1. Employment. The Company hereby agrees to employ Executive and Executive hereby agrees to be employed by the Company on the terms and conditions herein set forth. This Agreement shall become effective upon the Effective Date and shall expire on September 30, 2016 unless earlier terminated as provided herein (the “Term”). The Company may terminate this Agreement upon written notice to Executive in the event of: (a) the death or disability of Executive, (b) a material breach of any of the terms of this Agreement by Executive, subject to prior written notice to Executive from the Company and a reasonable opportunity for Executive to cure the breach, (c) the commission by Executive of any act of fraud or embezzlement, (d) any material violation of the Company’s policies known to Executive, or (e) the conviction of Executive for any financial crime or any felony. For purposes of this Agreement, “disability” shall mean Executive’s absence from Executive’s duties hereunder for a period of 90 days due to disability as defined in the Company’s long-term disability plan.

2. Duties. Executive is engaged by the Company as “Senior Advisor, RehabCare”, reporting directly to the Chief Executive Officer. Executive’s duties will include, without limitation, the following: (a) provide transition coaching and consultation to the President of RehabCare; (b) assist as needed with new RehabCare business development initiatives and the extension of existing contracts; (c) provide input and assistance to the RehabCare strategic planning process; (d) assist with client retention efforts; (e) participate, as appropriate, in regulatory and government affairs; and (f) other leadership duties mutually agreed between both parties.

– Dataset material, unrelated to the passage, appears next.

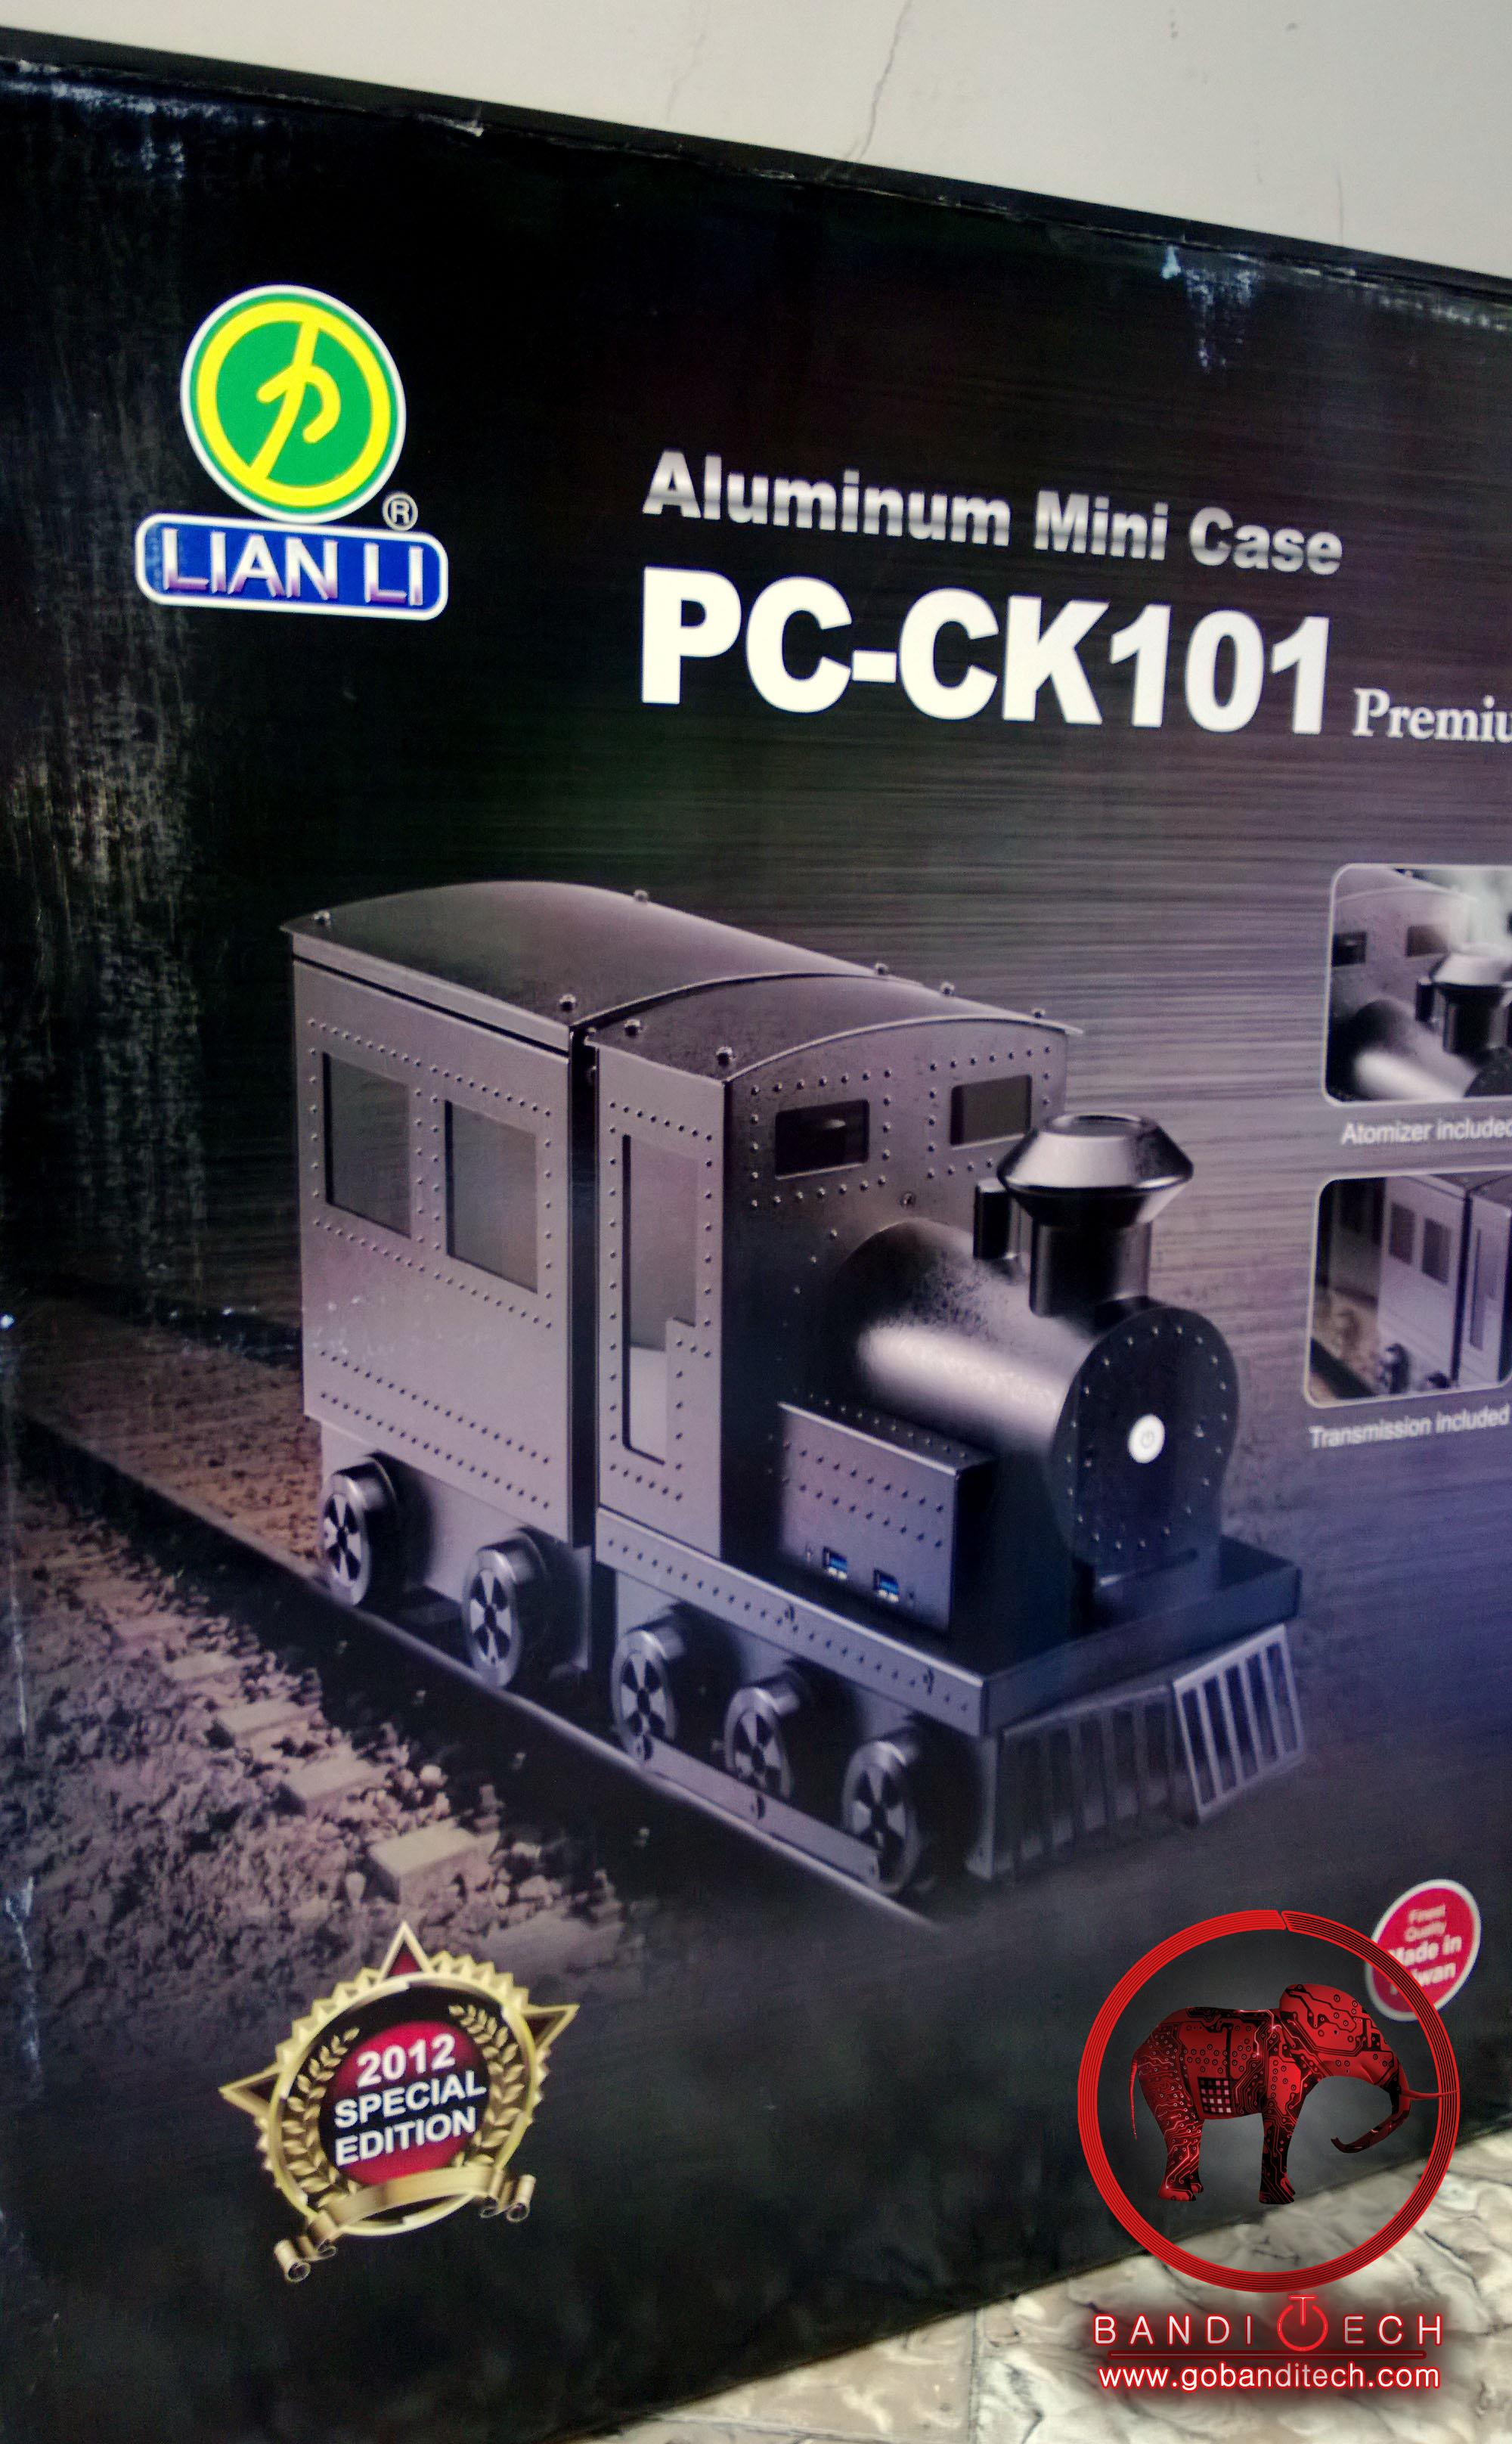 Lian Li PC-CK101 - Bandi Train (4).jpg

3. Extent of Services. During the Term, Executive shall devote appropriate working time, attention, labor, skill and energies to the business of the Company and the fulfillment of her duties under this Agreement.


4. Compensation. As compensation for services hereunder rendered, Executive shall receive during the Term:

(a) A base salary (“Base Salary”) of $627,276 per year payable in equal installments in accordance with the Company’s normal payroll procedures.

(b) In satisfaction of the annual bonus Executive would otherwise have been eligible to receive in respect of 2015 under the Company’s short-term incentive plan and long-term incentive plan, the Company shall pay to Executive an amount equal to the product of (i) 24.38% multiplied by (ii) the annual bonus, if any, to which the Executive would have been entitled for 2015 if she had remained in her former role of President, RehabCare for the duration of 2015, as determined in accordance with the terms and conditions of the applicable short-term incentive plan and long-term incentive plan of the Company. Such amounts shall be paid no later than March 30, 2016. The Executive’s existing long-term incentive plan balance will be paid in the ordinary course. Executive will not otherwise have any further participation in the Company’s short-term incentive plan, long-term incentive plan or incentive equity compensation plan.

5. Benefits.

(a) Executive shall be entitled to participate during the Term in any and all pension benefit, welfare benefit (including, without limitation, medical, dental, disability and group life insurance coverages) and fringe benefit plans from time to time in effect for officers of the Company and its subsidiaries.

(b) During the Term, Executive shall be entitled to continued vesting in Executive’s outstanding equity awards in accordance with the terms and conditions of such awards and the Company’s equity plans as may be in effect from time to time.

(c) The Company shall reimburse Executive for reasonable expenses incurred in connection with the Executive’s performance of her duties under this Agreement, in accordance with the Company’s reimbursement policies and procedures as may be in effect from time to time.

6. Obligations of the Company Upon Termination.

(a) Following any termination of Executive’s employment hereunder, the Company shall pay Executive her Base Salary through the date of termination and any amounts owed to Executive pursuant to the terms and conditions of the benefit plans and programs of the Company at the time such payments are due.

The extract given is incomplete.